DATA PROVIDED —
═══
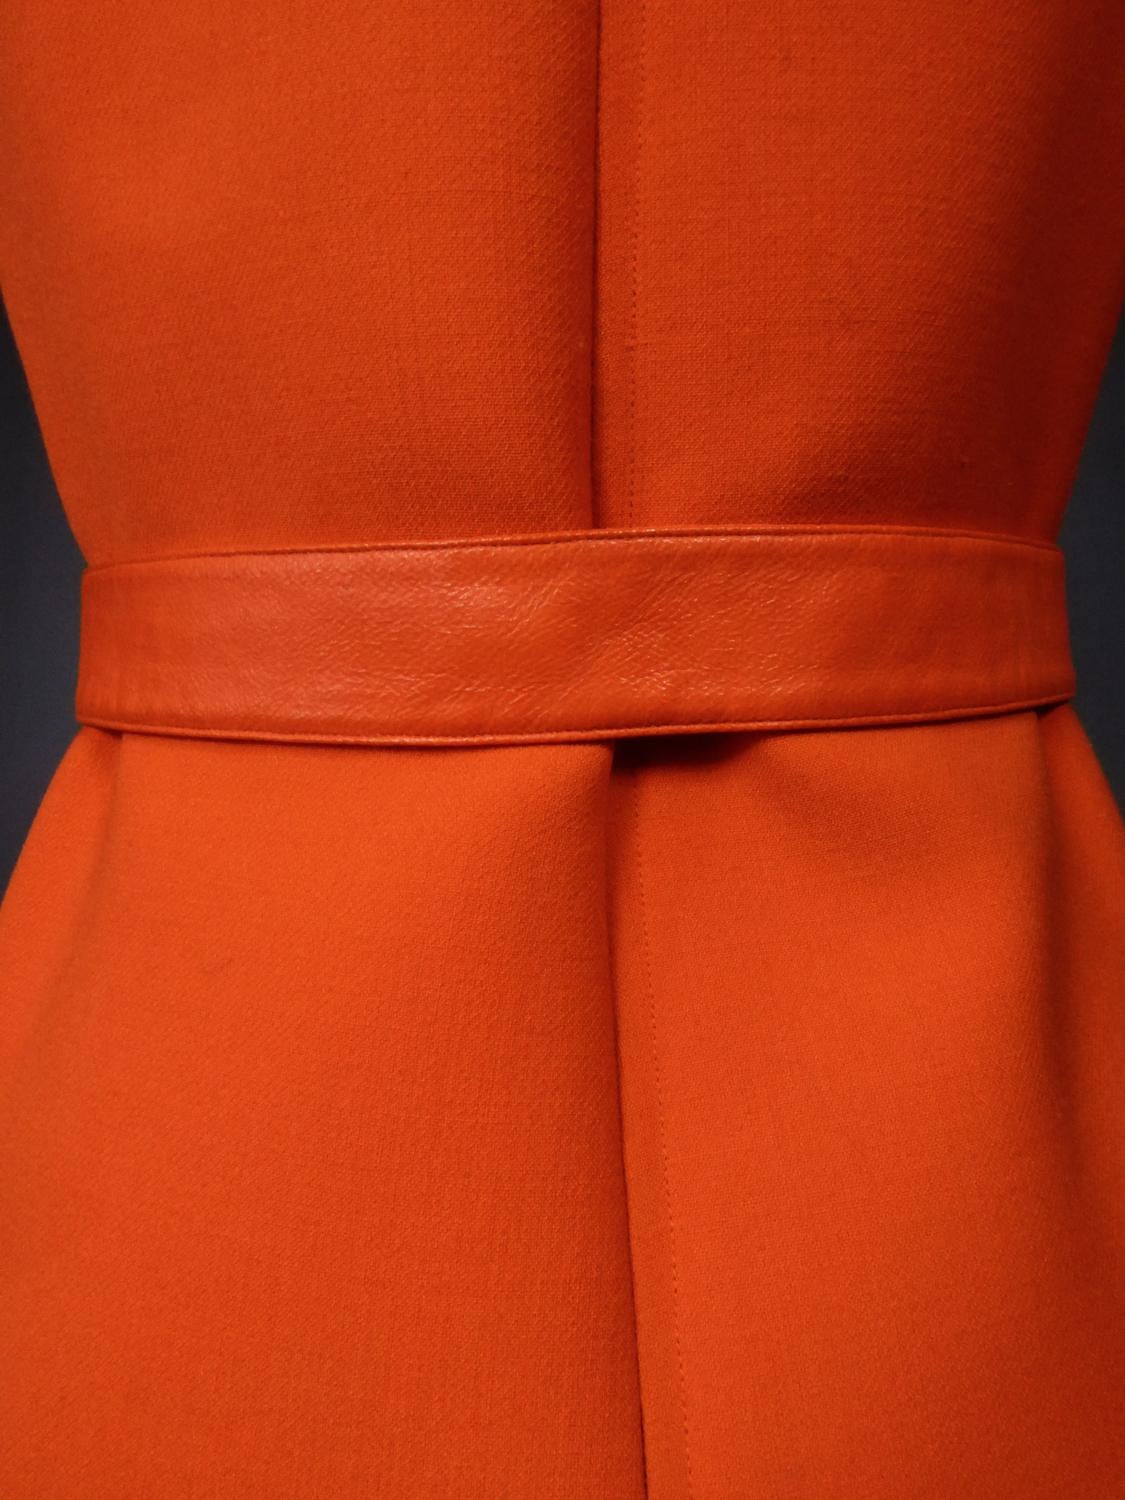 A French André Courrèges Couture Future Dress numbered 0045426 Circa 1970/1972 For Sale 7
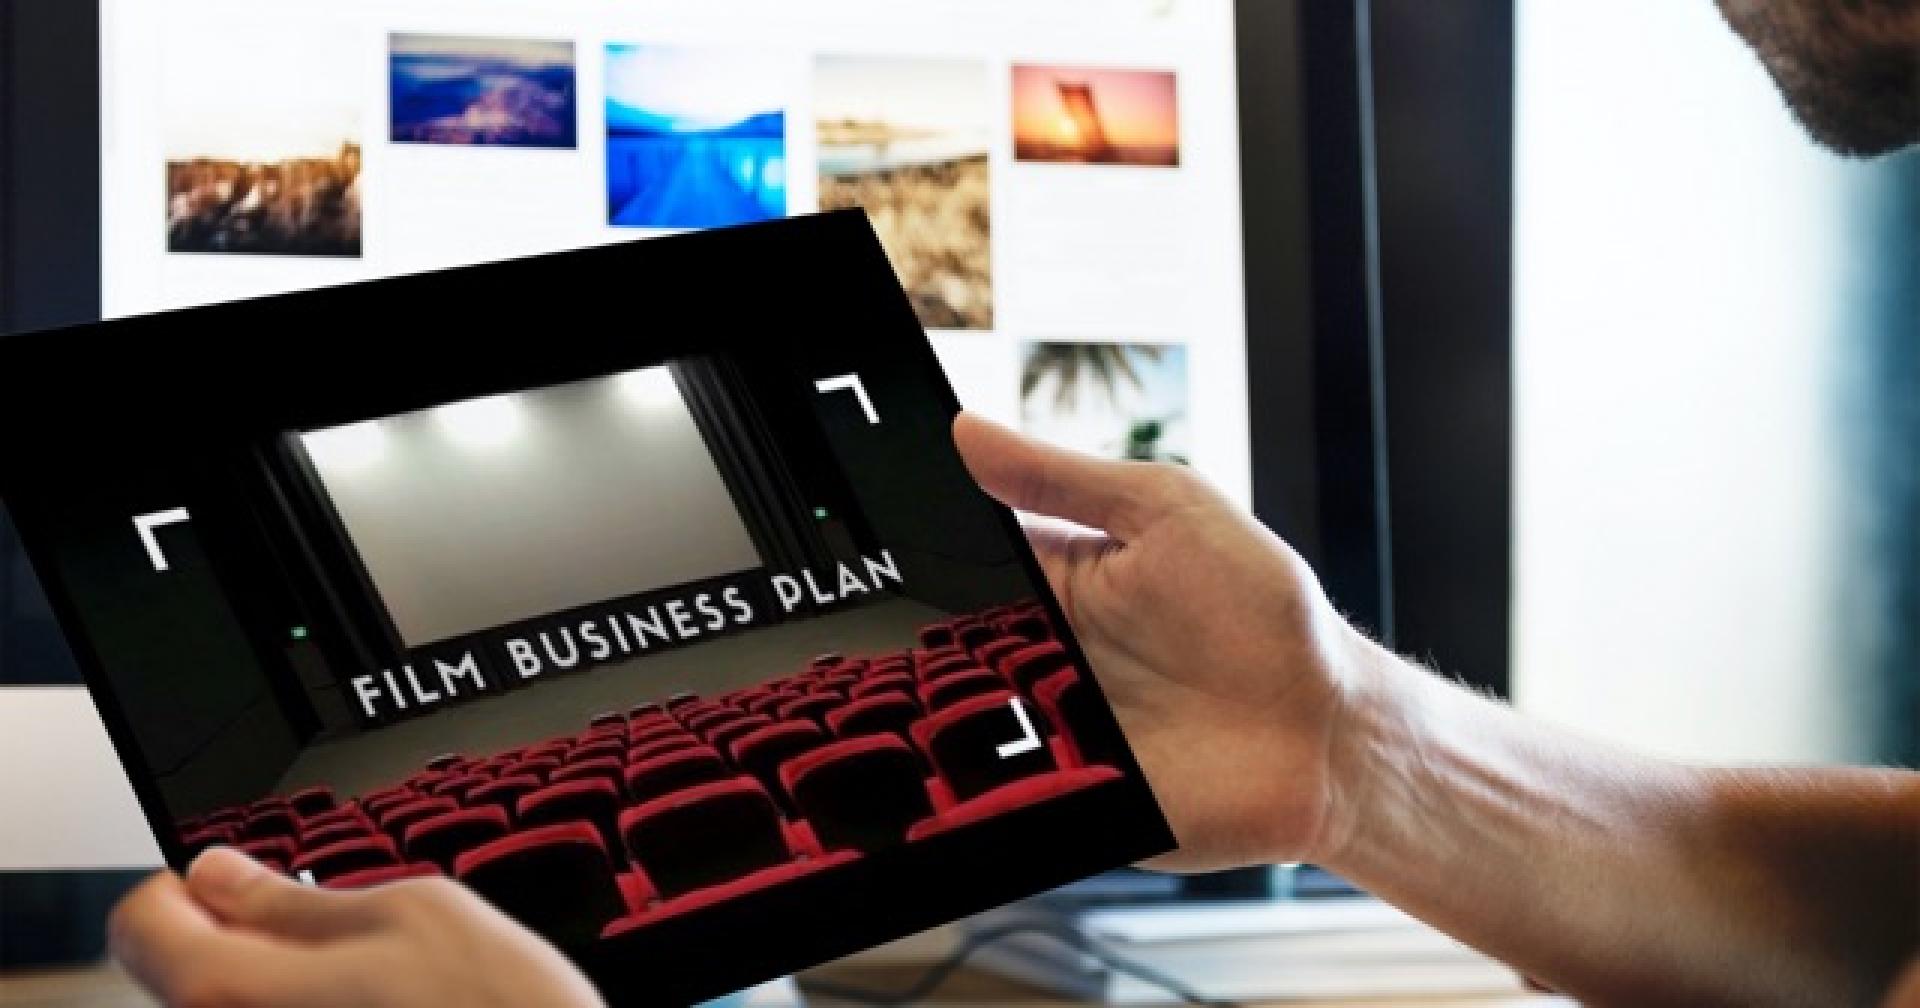 film business plan example
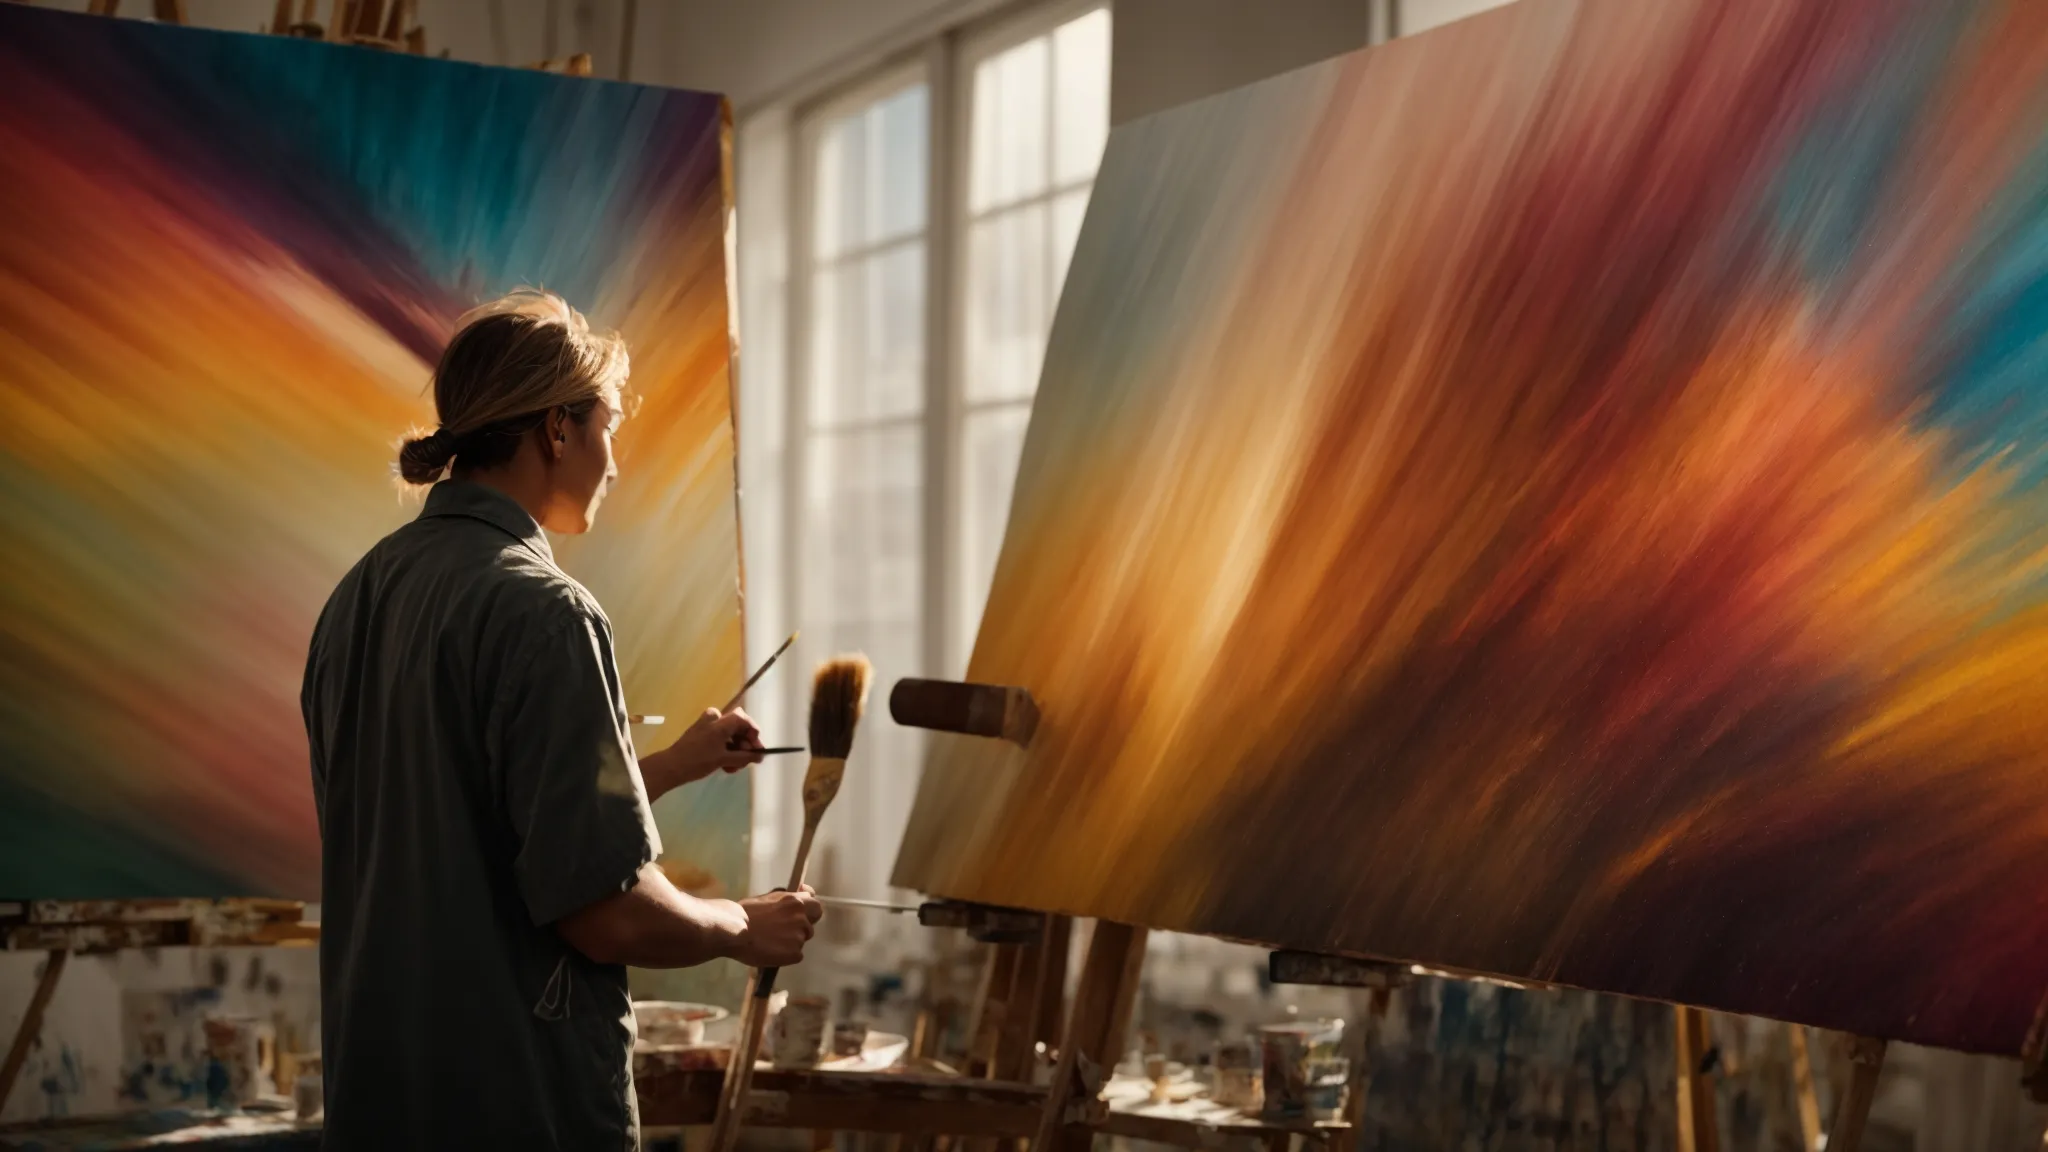 a painter intensely focusing on adding vibrant colors to a large canvas in a sunlit studio.
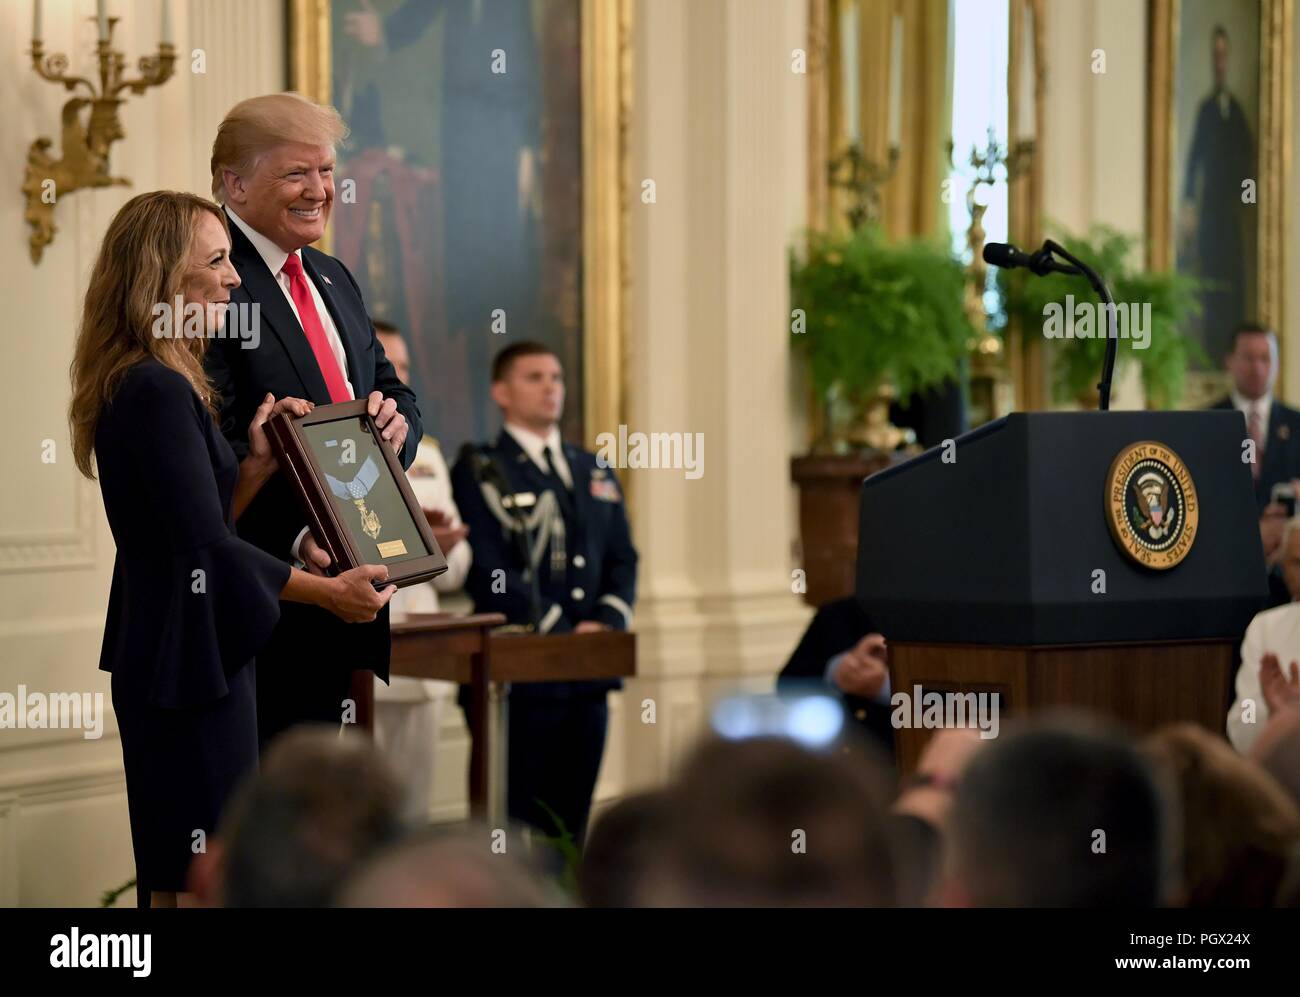 President Donald J. Trump presenting the Medal of Honor to Valerie Nessel, the spouse of U.S. Air Force Tech, August 22, 2018. Sgt. John Chapman, at the Medal of Honor ceremony, White House, Washington, D.C. Image courtesy Wayne Clark / Secretary of the Air Force Public Affairs. () Stock Photo
═══
EXERCISE REQUIREMENTS — Take the listing and print it again exactly, but without any pictures.

ANSWER —
 A French André Courrèges Couture Future Dress numbered 0045426 Circa 1970/1972 For Sale 7
 film business plan example
 a painter intensely focusing on adding vibrant colors to a large canvas in a sunlit studio.
 President Donald J. Trump presenting the Medal of Honor to Valerie Nessel, the spouse of U.S. Air Force Tech, August 22, 2018. Sgt. John Chapman, at the Medal of Honor ceremony, White House, Washington, D.C. Image courtesy Wayne Clark / Secretary of the Air Force Public Affairs. () Stock Photo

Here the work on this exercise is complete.